# Anyone know anything bout Indian archery bows???



## crispy7229 (Jul 10, 2007)

I got this bow for free and tryin to get some info on it. all it says on the limb is

IA 
263-58"
Savage
by
Indian Archery

I have added some pics just wanna know what i got age wise and if it is worth anything.


----------



## Viper1 (Aug 21, 2003)

c -

IA made a lot of "inexpensive" bows in the 60's and early 70's. Mediocre shooters, but not terrible. (My first laminated bow was an IA Cochise). Given the length and IA limb design, I'd expect a fairly early stack point on that one.
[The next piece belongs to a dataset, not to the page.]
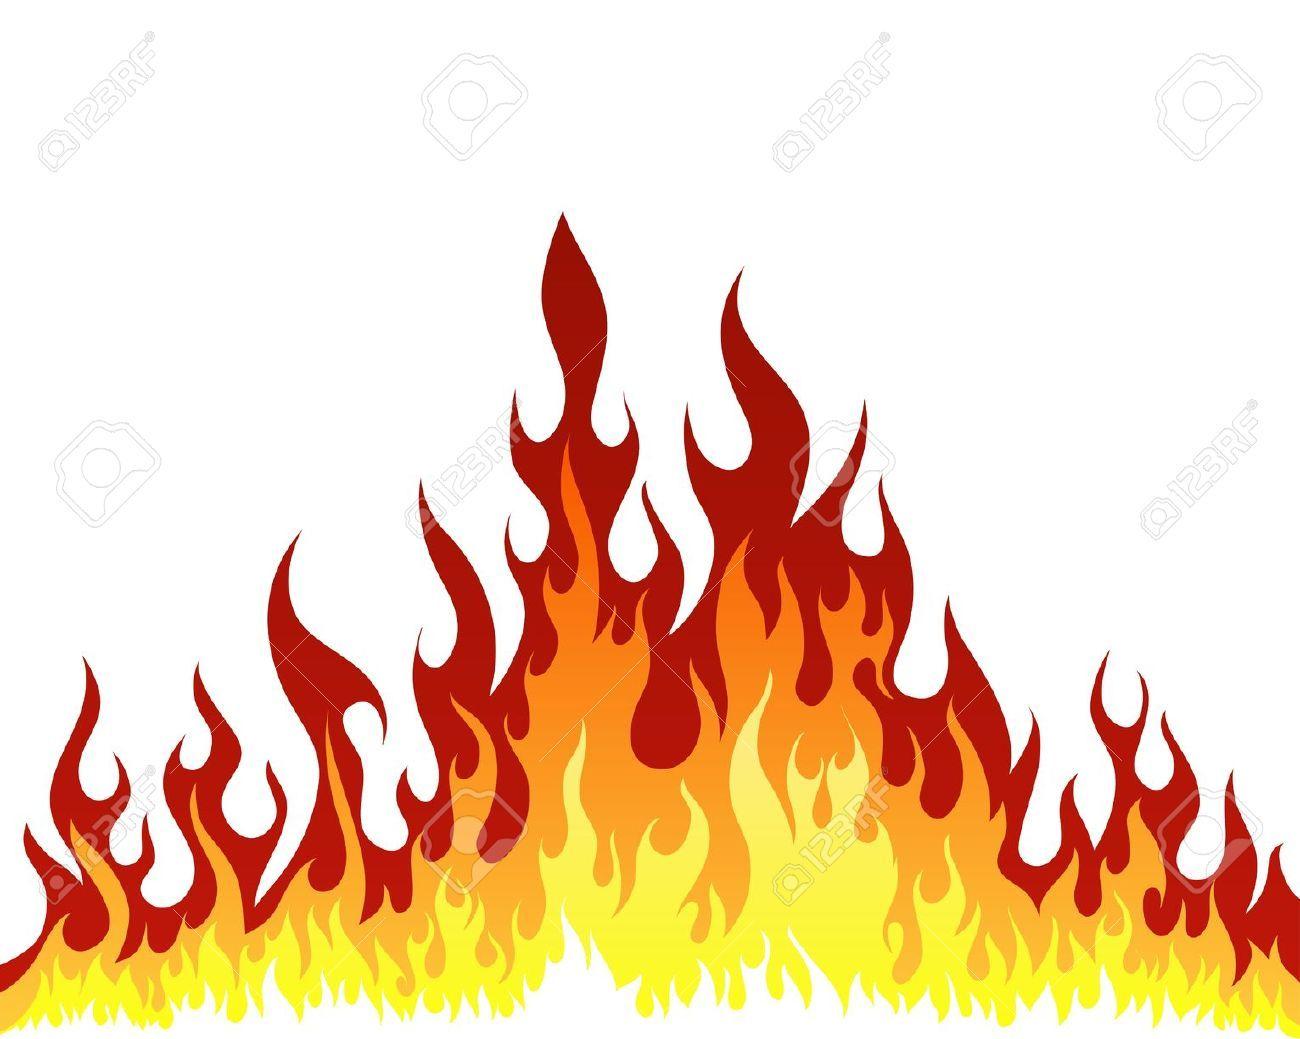 1300x1039 Fire Flames Designs Ltbgtfire Flame Designsltgt Ltbgtdesignlt
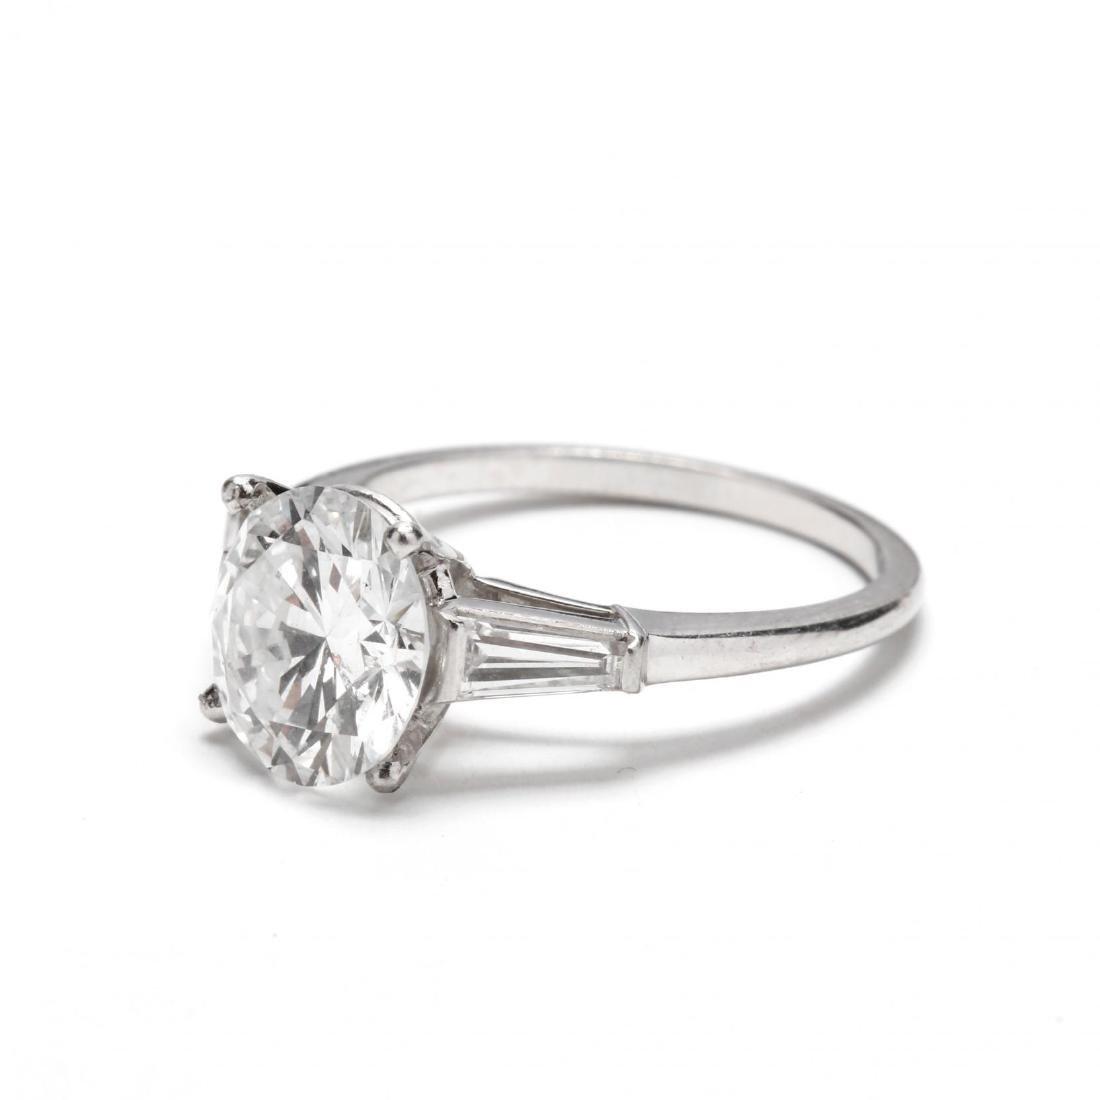 Unmounted Round Brilliant Cut Diamond with Platinum and - 7

Doubt it's worth much, unless some one out there is an IA collector.

Viper1 out.


----------



## Mythos Archery (Jul 19, 2008)

If I understand right, Indian Archery was based out of Indiana. yours looks pretty original with the. Indian silhouette seems to be in good shape. Ebay wise, I have seen them go for $50 all the way to $300...


----------



## crispy7229 (Jul 10, 2007)

*thanks*

my 7 yr old daughter loves it so believe i'm get a new string and her some pink fletch arrows and give it to her.


----------



## Curve1 (Nov 25, 2009)

My first recurve was a Indian Archery Seneca[ not sure]....my Dad bought it for me in 1974. They were decent bows.


----------



## alanraw (Feb 18, 2005)

Great looking bow, though. Zebrawood?


----------



## crispy7229 (Jul 10, 2007)

not for sure my bearcat is Zebra wood and they look alot diff.


----------